Why Not Do It Myself?
Because I know very little about Firefox Extensions and would rather spend my time working on my own projects. It would take me many hours for me to piece together the knowledge required to get this working as I want it, but hardly any time for someone who is already familiar with writing Firefox Extensions, because all of the heavy lifting has already been written by other people. All that’s left is wiring up the GUI. I think it’s worth $100 to me and the community to have this built, and I think that someone familiar with writing Firefox Extensions should be able to finish it in about three hours which seems a fair trade.

Details

Most of the details are covered in “The Fine Print” and the mock-up below.

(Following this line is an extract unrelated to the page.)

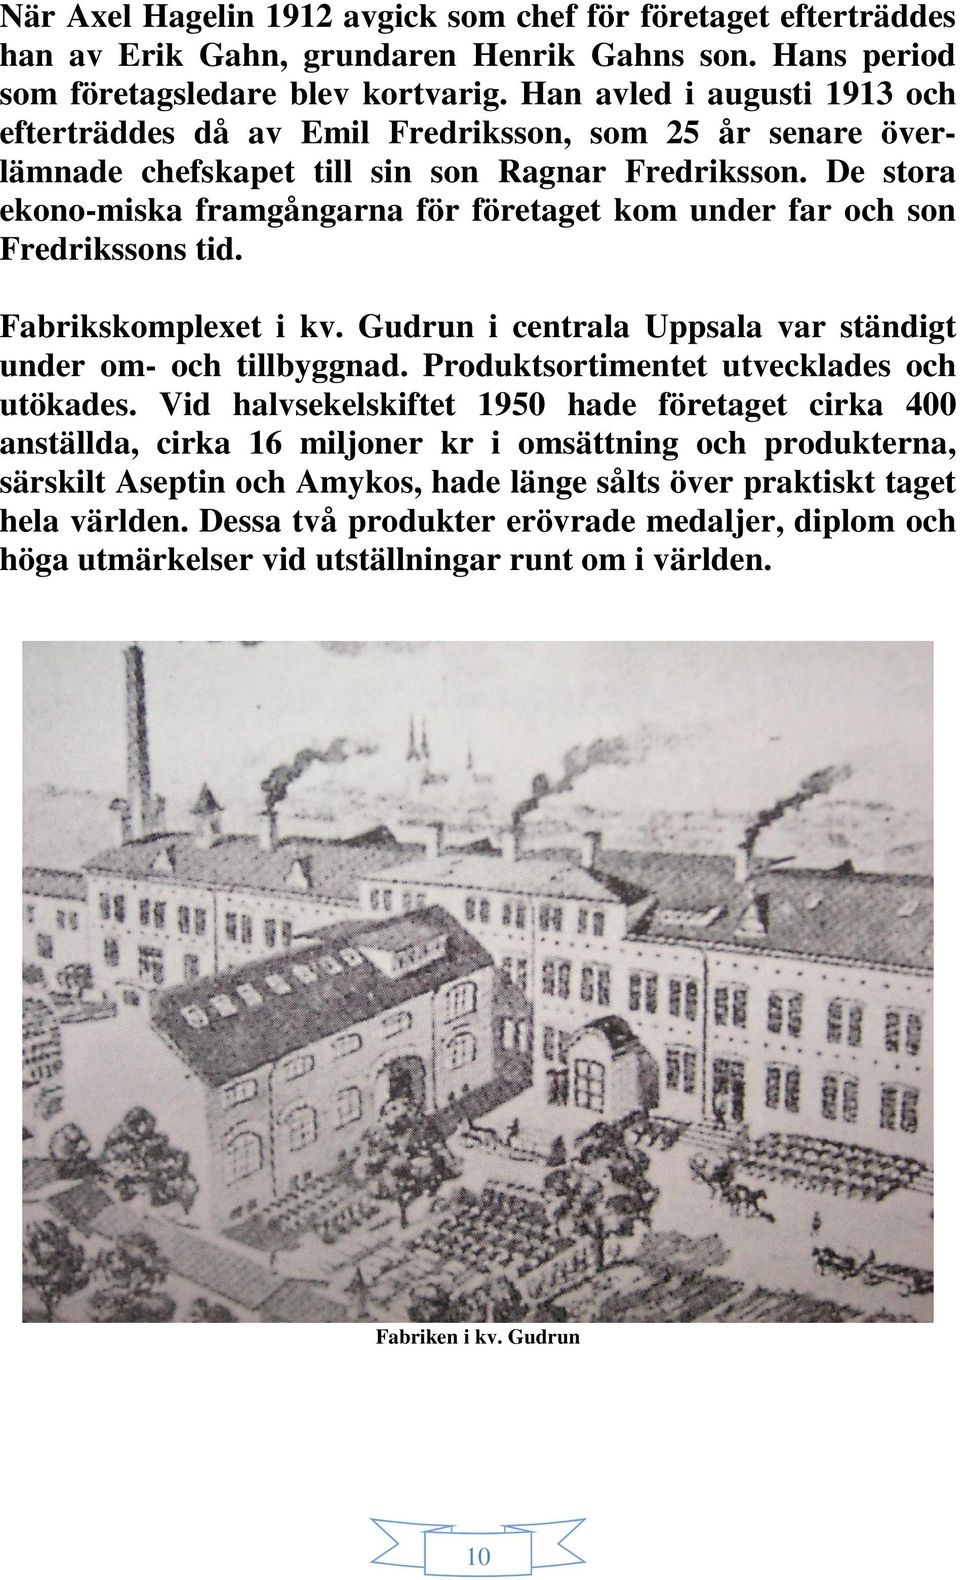 De stora ekono-miska framgångarna för företaget kom under far och son Fredrikssons tid. Fabrikskomplexet i kv. Gudrun i centrala Uppsala var ständigt under om- och tillbyggnad.
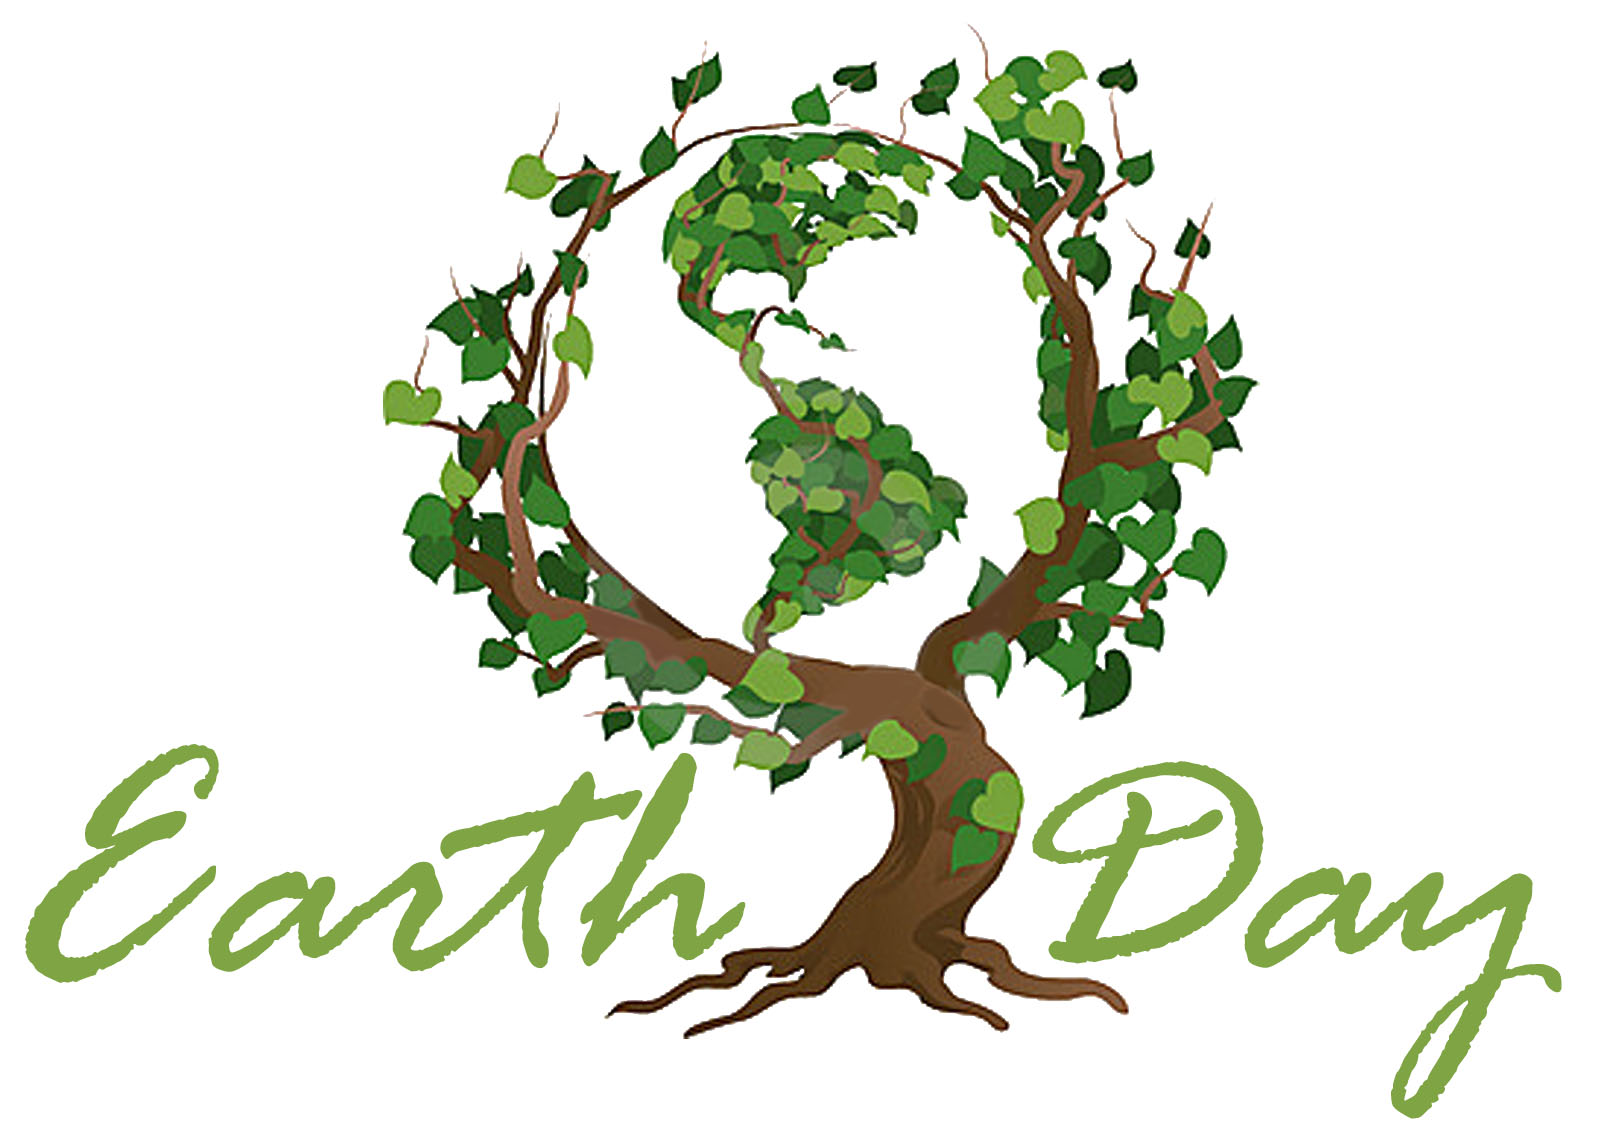 Celebrating Earth Day-April 22

The only other thing, in case it wasn’t blazingly obvious, is that when you launch this via the Tools menu or a Right click it should be a some sort of XUL pop-up window that won’t be blocked by pop-up blockers. It would be best if you could make the JavaScript easy to be separated from the extension so that I, or someone else, can use it to make a web based version, but this isn’t a criteria for winning. If you’ve got questions, or any of this seems a little vague, or you think a criteria should be changed, please contact me.

The Fine Print

• I’m open to suggestions and changes on any of these requirements.
• It is perfectly acceptable to build upon existing code (including but not limited to either of the links above) as long as the result can be open sourced and the licenses don’t appear to conflict.
• The only programming language involved must be JavaScript and it should not call out to any external programs. I want this to be easy for people to extend.
• Must work on Linux, OS X, and Windows. If you’re only using JavaScript this should be a non-issue. I’ll test it on all platforms the first business-day after I get the submission.
• Unless you can convince me otherwise it should use SHA1 instead of MD5. Yes, they’ve both been “broken” but SHA1 is less broken. And yes, there are open source JavaScript implementations of SHA1.
• Passwords should be in hex (base 64) format so as to avoid any whack characters that sites might not accept.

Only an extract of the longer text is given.